=== Begin Enclosure ===

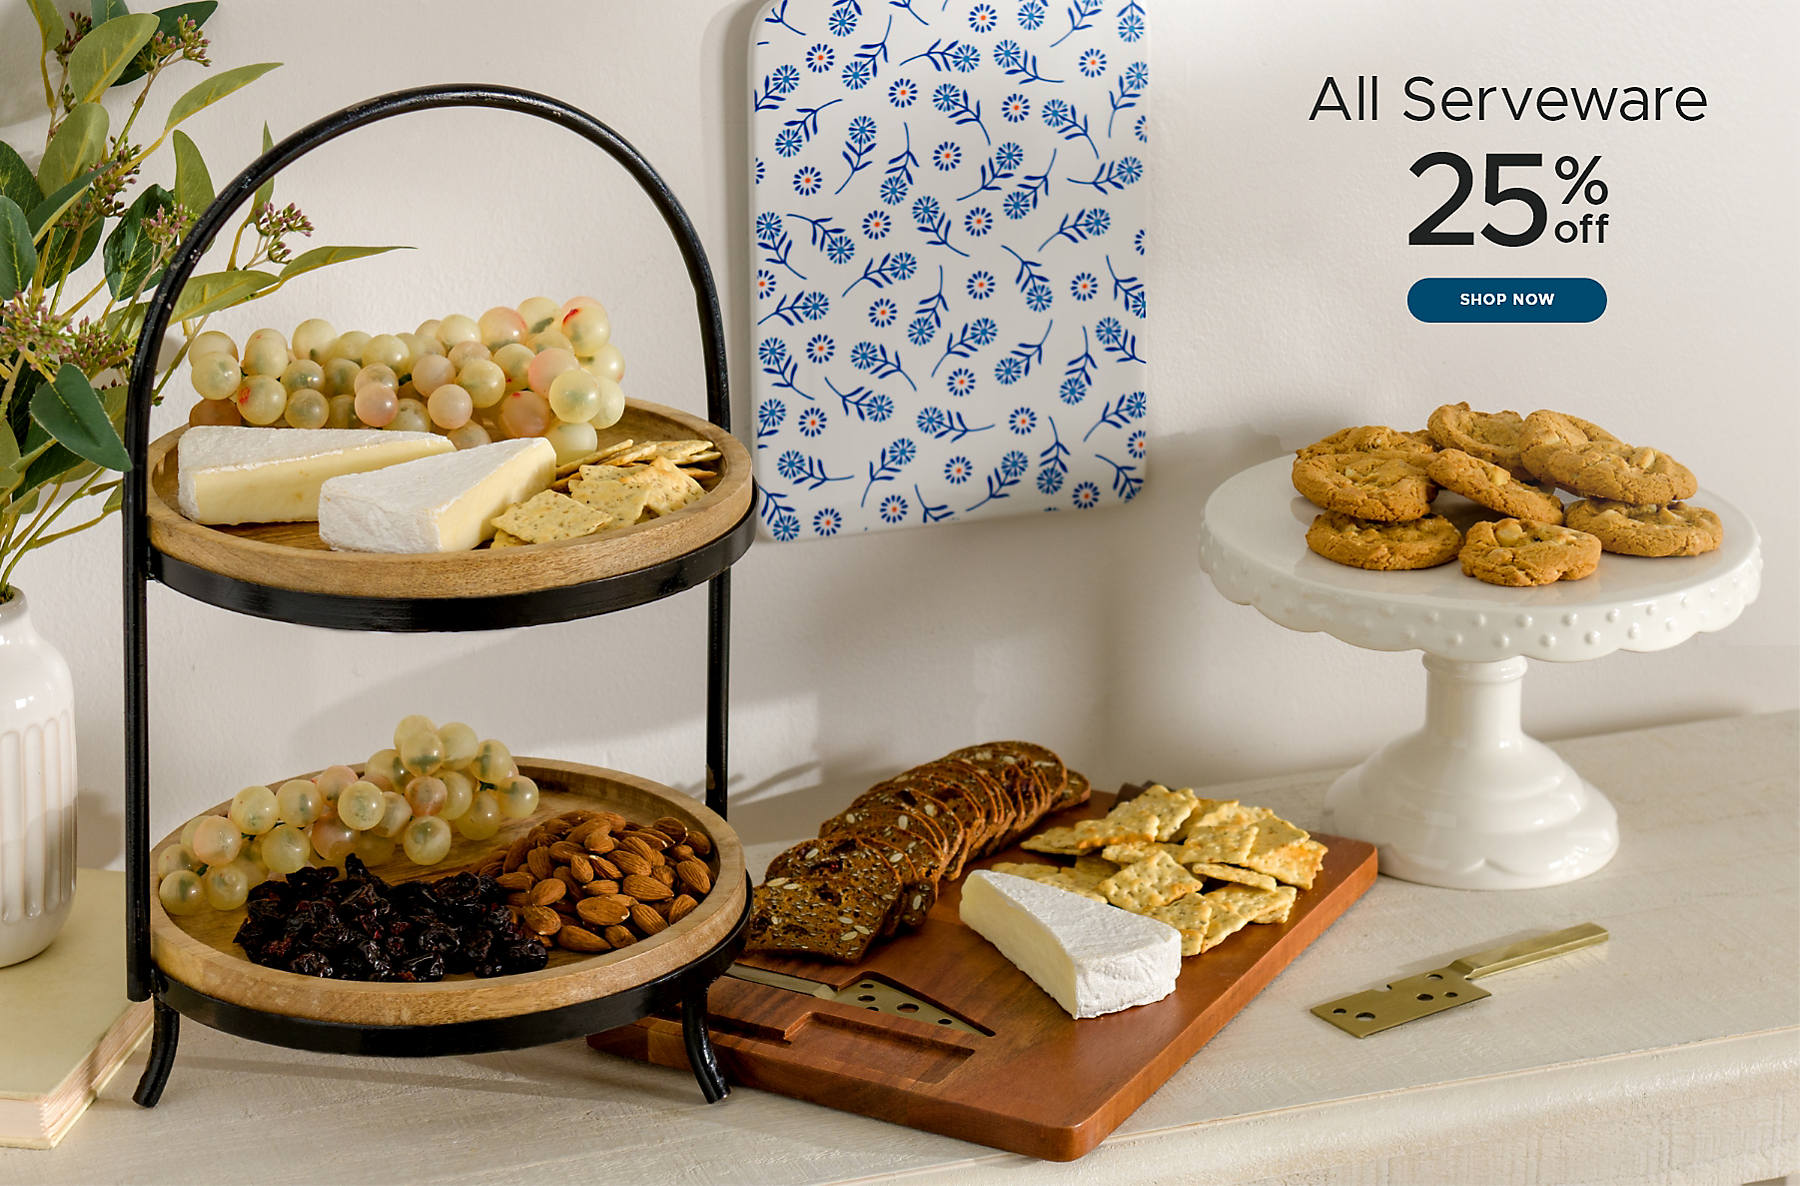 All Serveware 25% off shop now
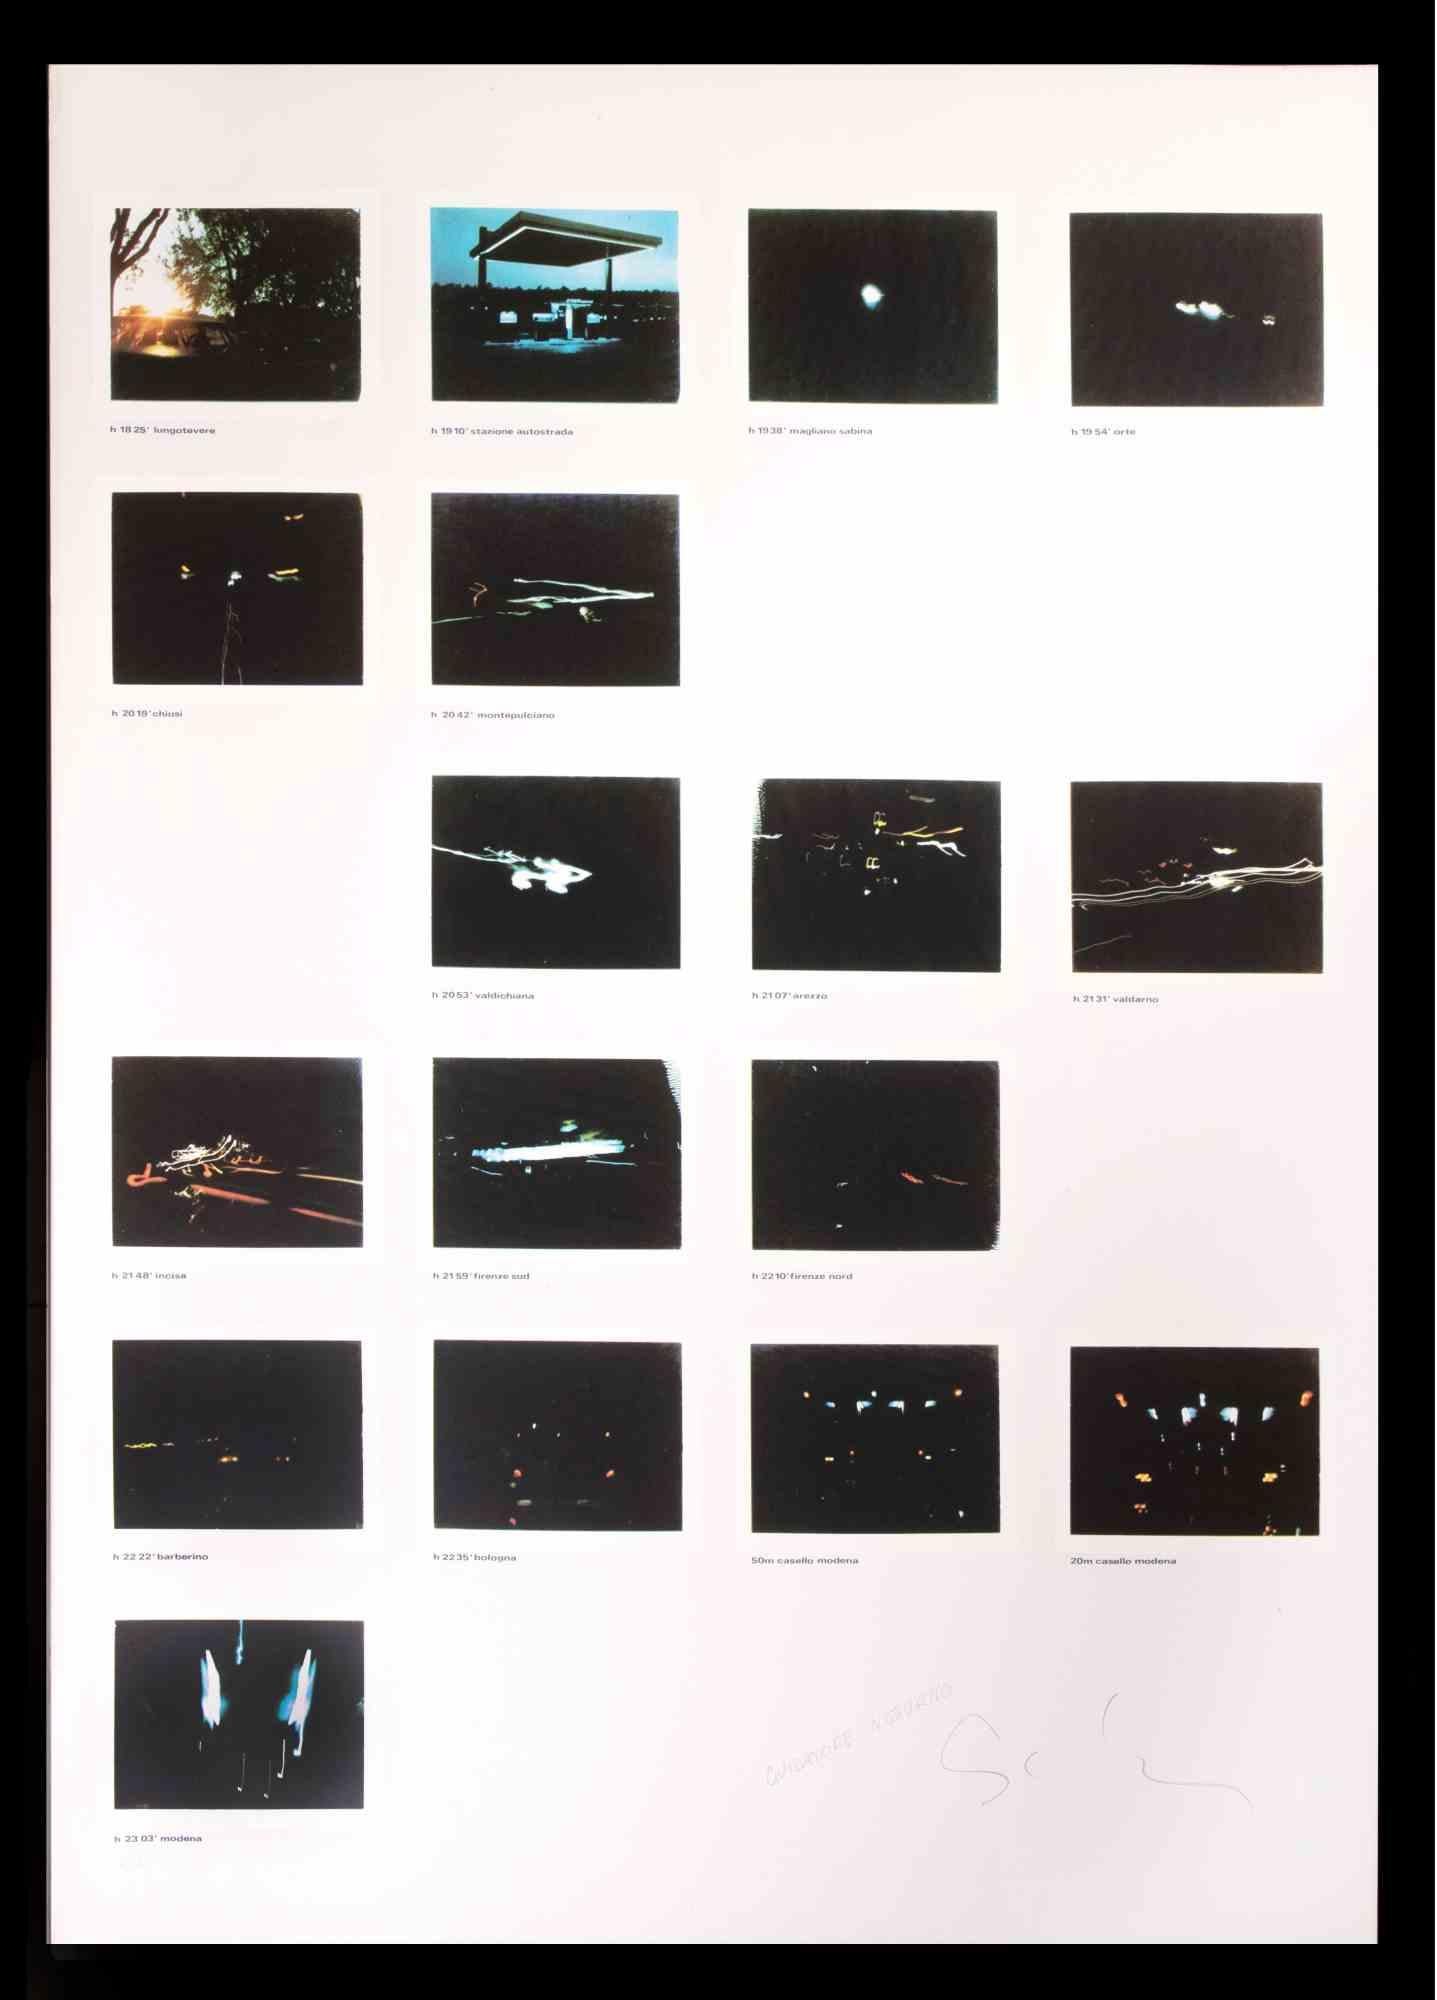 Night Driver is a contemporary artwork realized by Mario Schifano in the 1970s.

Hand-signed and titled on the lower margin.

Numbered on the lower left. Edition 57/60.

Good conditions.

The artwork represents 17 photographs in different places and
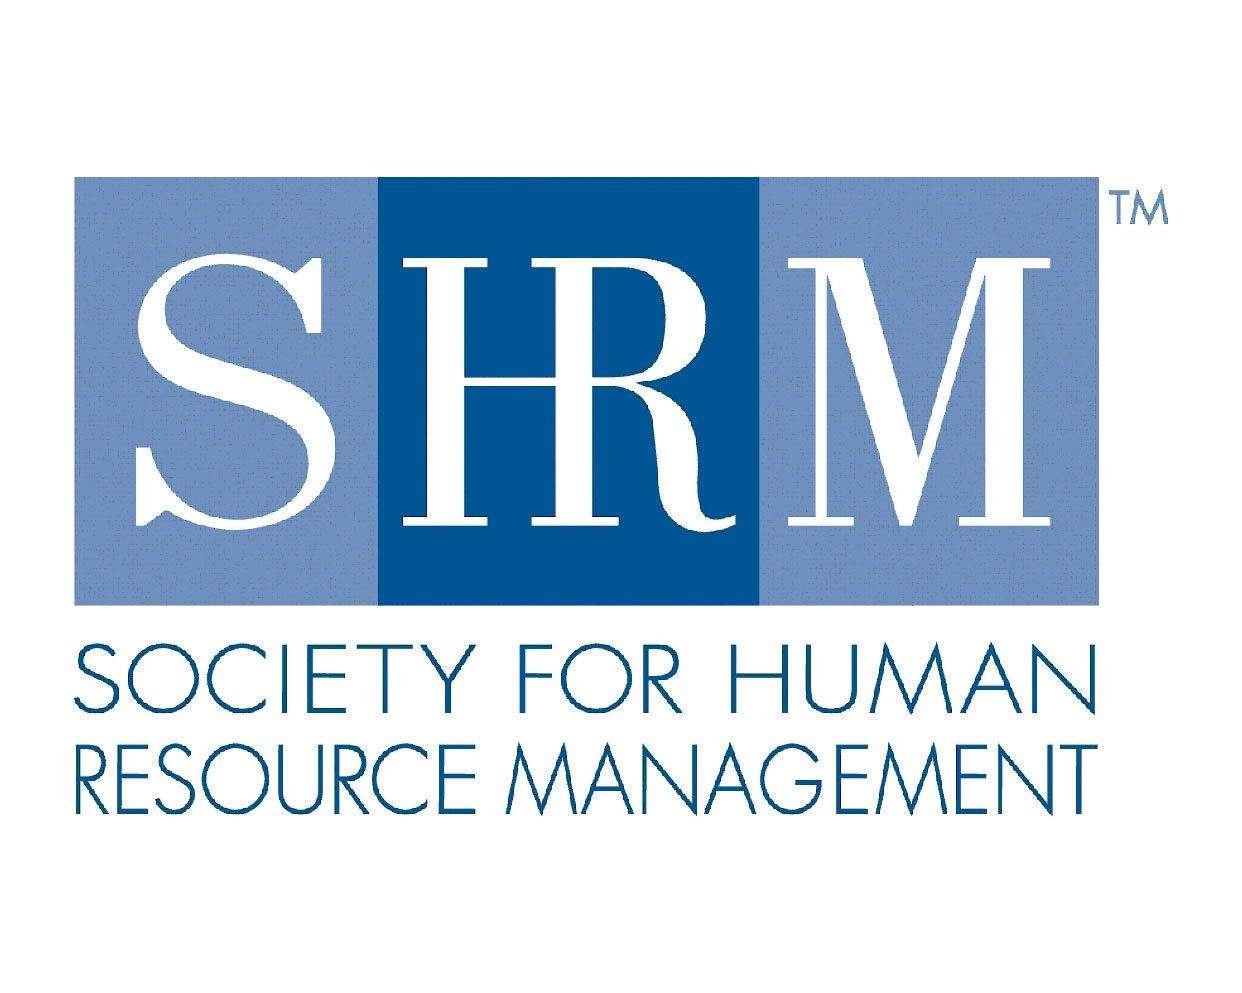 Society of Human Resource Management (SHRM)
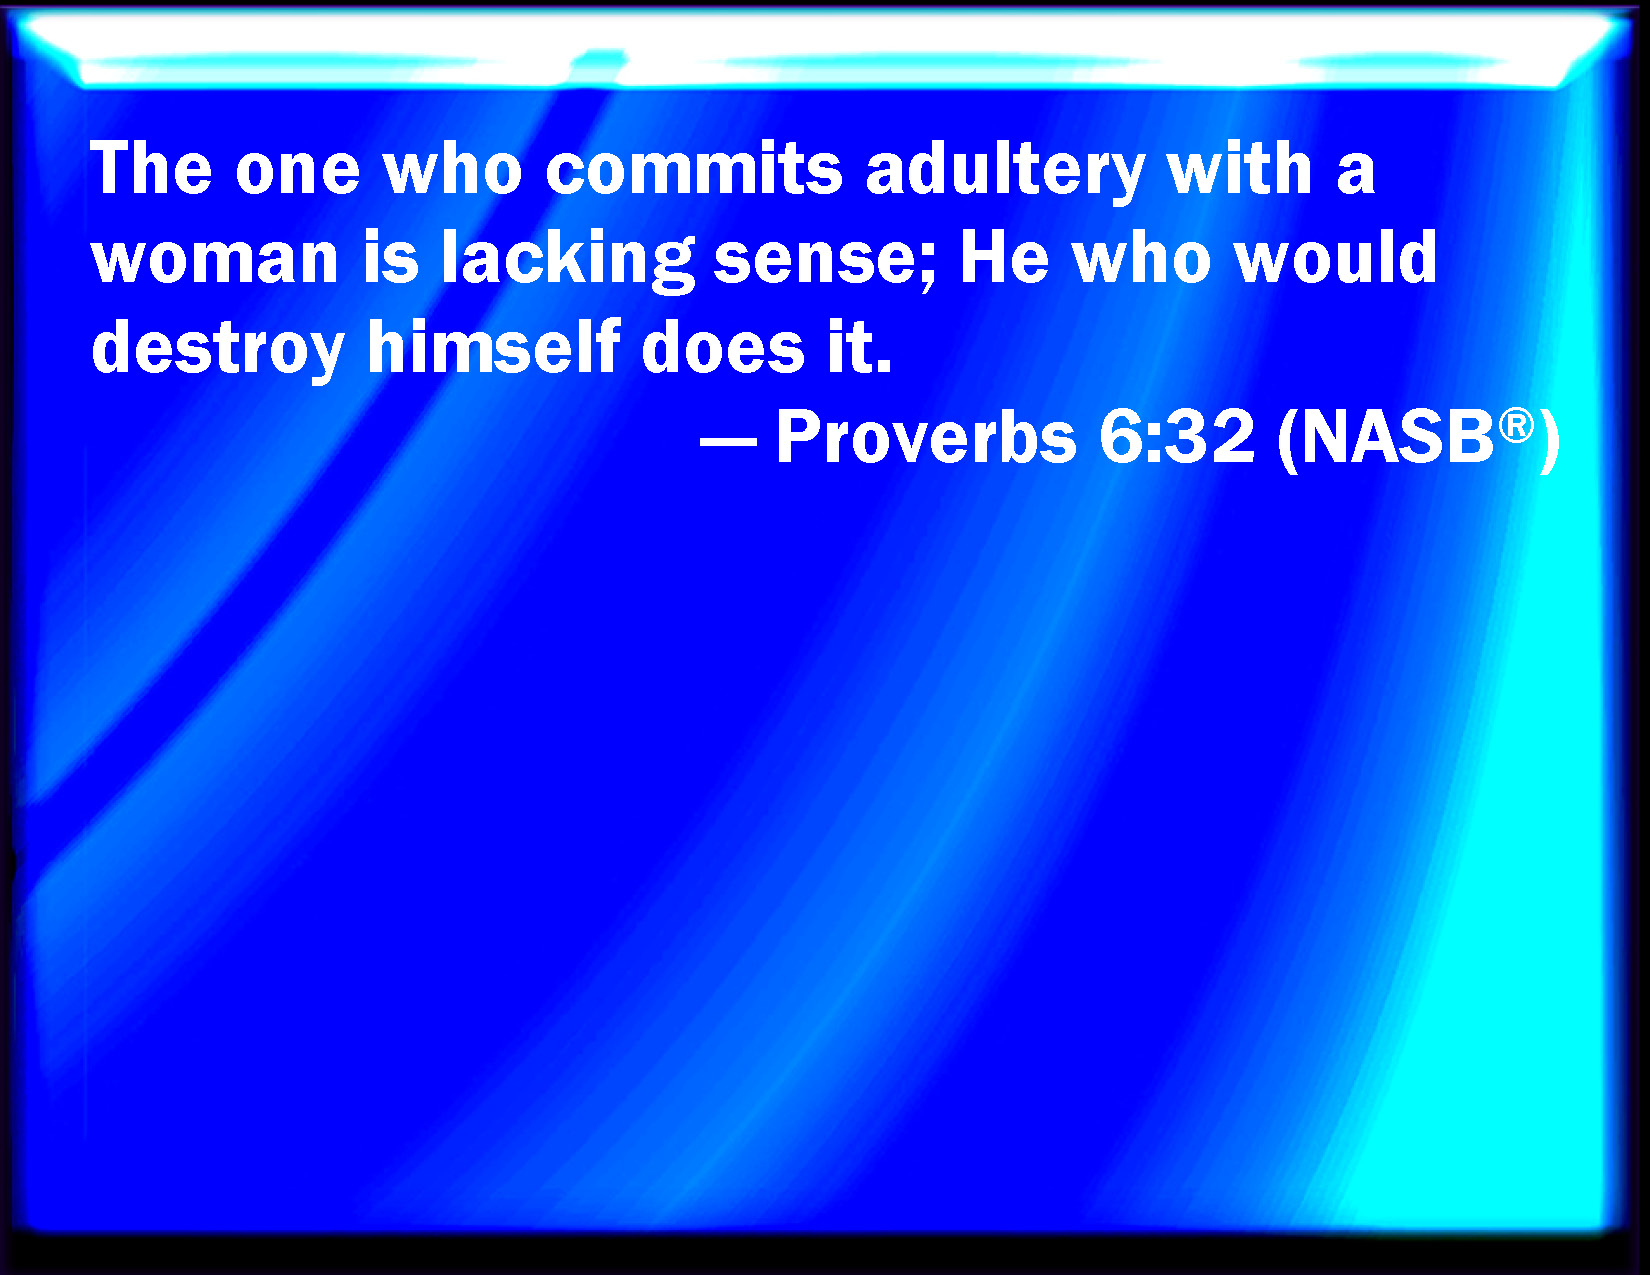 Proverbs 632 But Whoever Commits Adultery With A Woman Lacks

=== End Enclosure ===

» Activity
Leave the pictures out and retype only the lines from the line with "Numbered on the lower left. Edition 57/60." through the final line of the material, both ends included, word for word.

» Answer space
Numbered on the lower left. Edition 57/60.

Good conditions.

The artwork represents 17 photographs in different places and
 Society of Human Resource Management (SHRM)
 Proverbs 632 But Whoever Commits Adultery With A Woman Lacks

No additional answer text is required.